En dan is er uw nieuwsbrief, “Mijn bank” genaamd. Met die titel is er toch wel iets vreemds aan de hand. Naarmate uw bank steeds minder mijn bank of onze bank werd, met andere woorden sedert ze werd geprivatiseerd, tracht u mij met steeds grotere nadruk wijs te maken wat minder dan ooit het geval is: namelijk dat uw bank mijn bank zou zijn. Mijn keuze voor uw bank werd mij destijds ingegeven door het openbare karakter ervan. Ik ben mij bewust van de noodzaak van een bankinstelling in een moderne economie in het algemeen en voor het afhandelen van mijn financiële verrichtingen in het bijzonder. Maar ik zou wensen dat, in de mate waarin er een bescheiden winst wordt gemaakt, en na aftrek van investeringskosten en provisies, deze winst terugvloeit naar de samenleving. Dit is helemaal niet meer het geval. De winst die u tegenwoordig maakt is bovendien ook al lang niet meer bescheiden: ik verneem dat u en drie andere grote Belgische bankinstellingen in de eerste helft van dit jaar niet minder dan 4,4 miljard euro winst hebben gemaakt. Geen onaardig bedrag in een tijd waarin je dag na dag leest dat er geen geld meer is voor onze pensioenen, de gezondheidszorg, de sociale zekerheid, openbare dienstverlening en infrastructuurwerken. Een tijd ook waarin je voortdurend om de oren wordt geslagen met berichten over transfers van Vlaanderen naar Wallonië en waarin anderen (of vaak dezelfden) dan weer vinden dat het de “werklozen” of de “vreemdelingen” zijn die met ons zuur verdiende geld gaan lopen. De Belgische loonkosten zijn te hoog zegt men. Het lijkt mij eerder zo dat de kosten van uw aandeelhouders wat te hoog aan het oplopen zijn. En ik stel vooral transfers naar uw bank vast...

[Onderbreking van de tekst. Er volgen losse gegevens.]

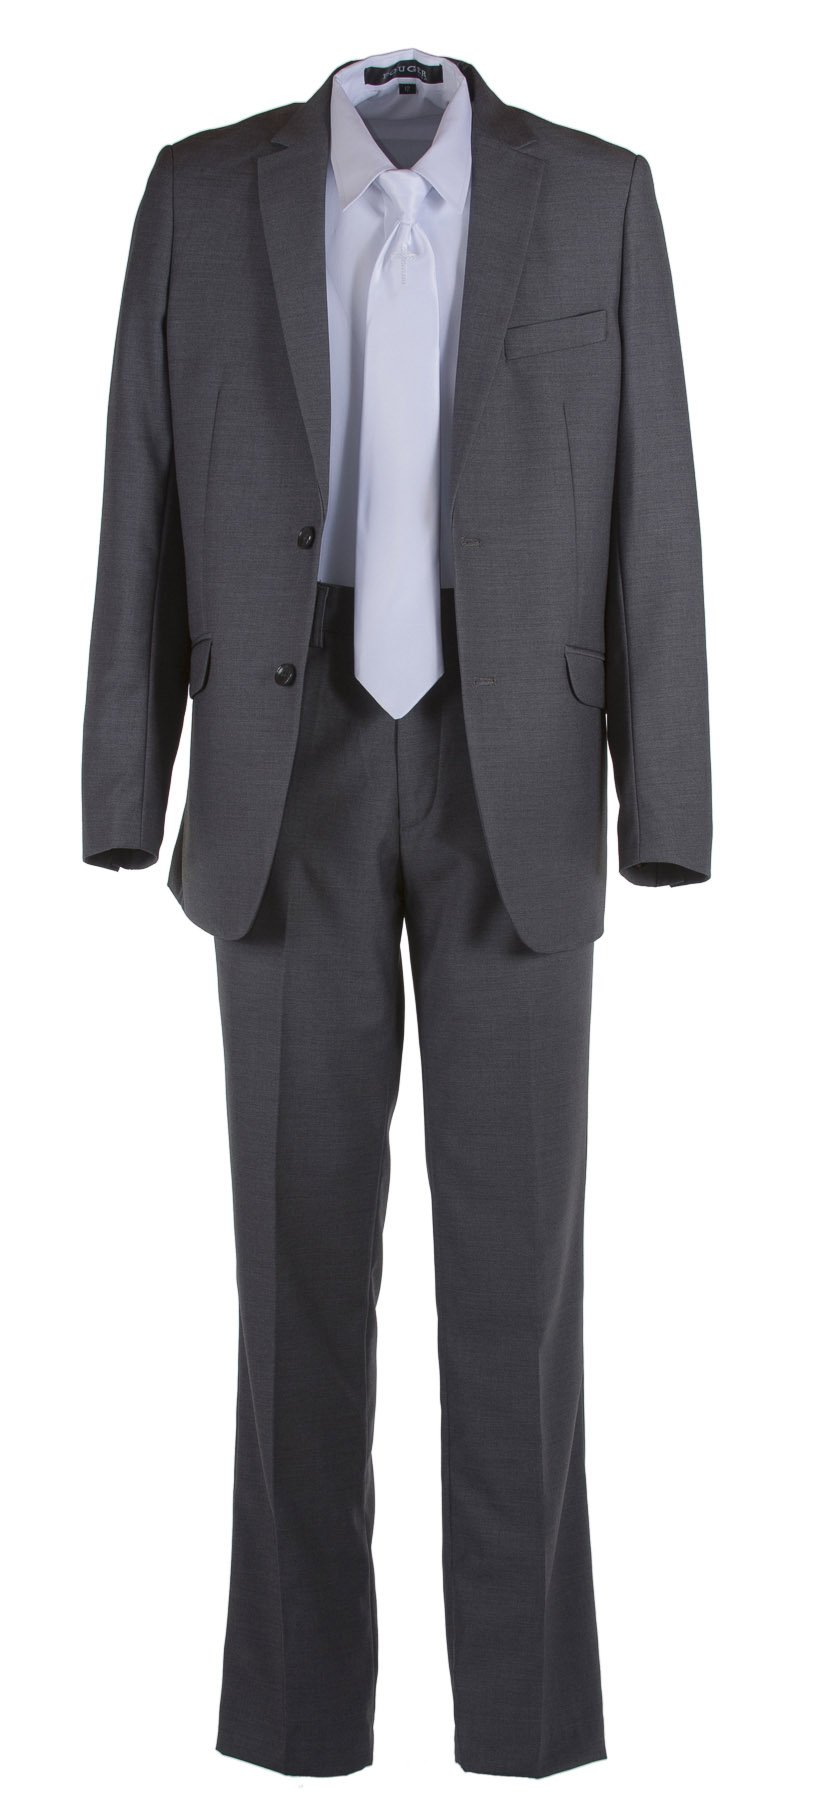 Tuxgear Boys Dark Grey Slim Fit Communion Suit With Religious Cross Dress Tie (7 Boys)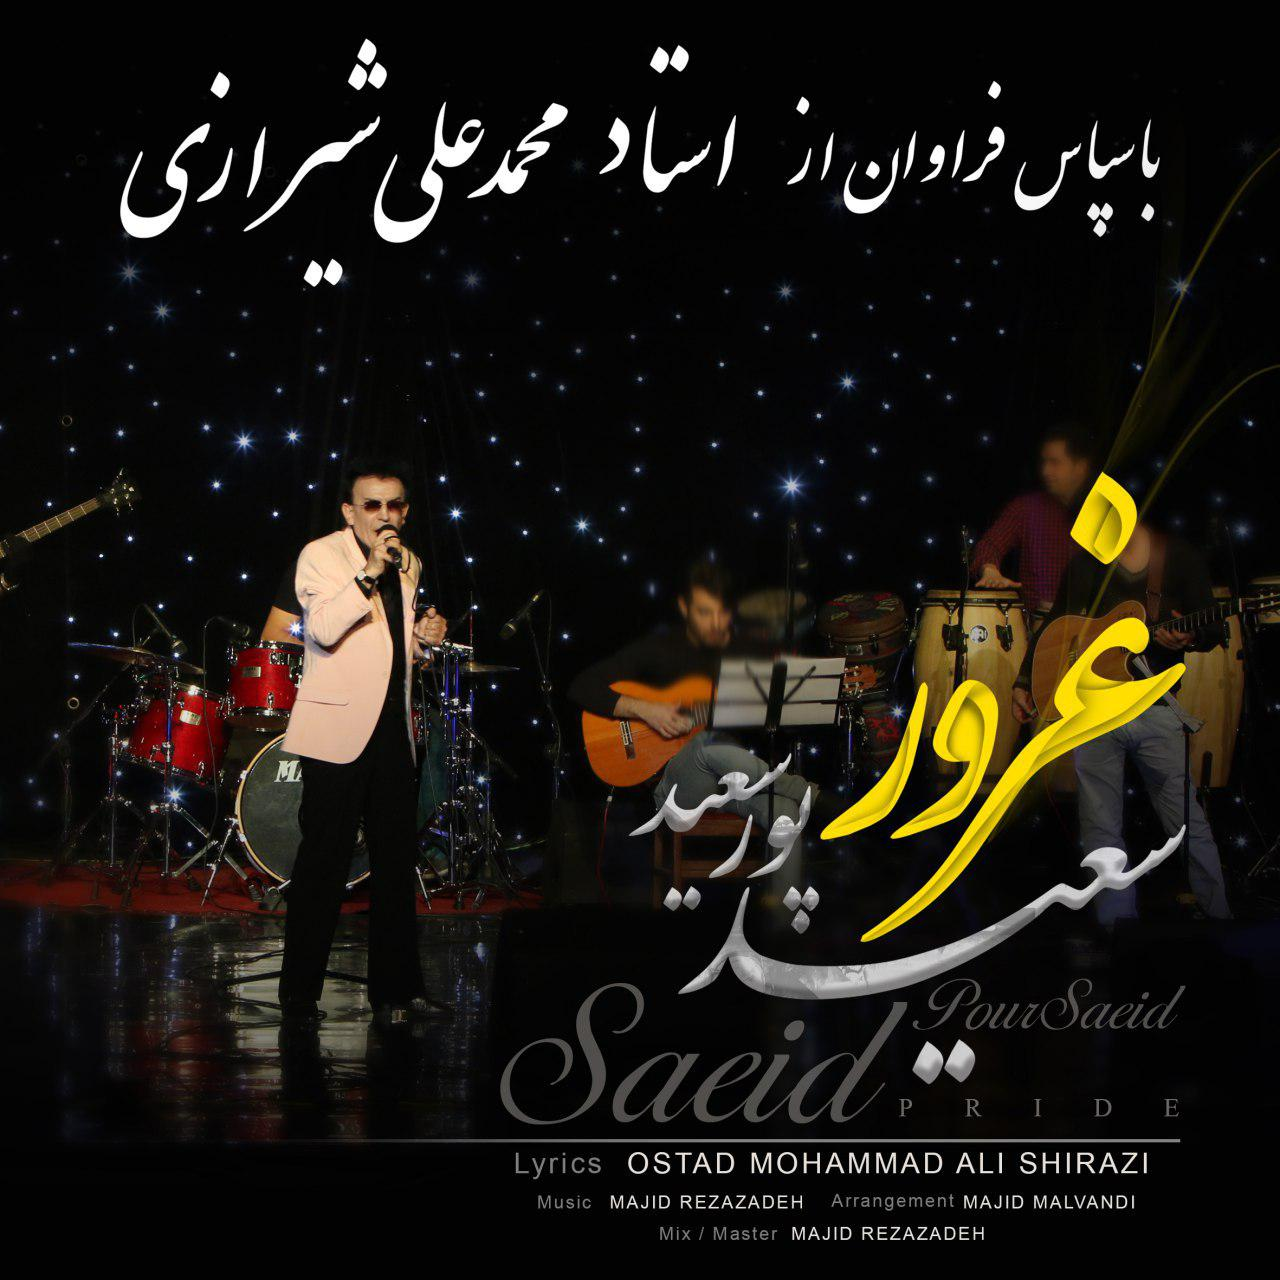 Saeid Poursaeid – Ghoroor

De inhoud van de nieuwsbrief is voor mij nogal aan de perverse kant. Zo stelt u op de voorlaatste pagina het volgende voor: “Maar als u het onmiddellijke inkomen van uw belegging niet nodig hebt en u tot de eindvervaldag kunt wachten om uw winsten binnen te rijven, stelt Fortis Bank u een ambitieuzere formule “4 x 5 %” voor om u voor uw geduld te belonen.” Met andere woorden: als u rijk bent en u eigenlijk geen extra geld nodig hebt dan zullen we u daarvoor belonen met... extra geld.

Als ik vandaag nog steeds klant ben bij uw bank, dan is dit enkel omdat er geen overheidsalternatief meer voorhanden is. Dat noemt men dan de zogenaamde keuze die de vrije markt ons biedt.

Maak u echter geen zorgen: ik ben niet verzuurd. Integendeel, ik ben ervan overtuigd dat de moderne versie van de Middeleeuwen die we nu doormaken niet zo heel lang meer zal aanhouden. Technologisch staan we ver, maar het ontbreekt ons voorlopig aan een inzicht in het functioneren van onze samenleving. We leven nog steeds met het bijgeloof dat welvaart en democratie enkel mogelijk zijn door de uitbuiting van de ene mens door de andere, en door de toeëigening van collectief geproduceerde meerwaarde door private personen of instellingen. Dit bijgeloof, dat juist echte democratie en welvaart in de weg staat, zal niet eeuwig blijven duren.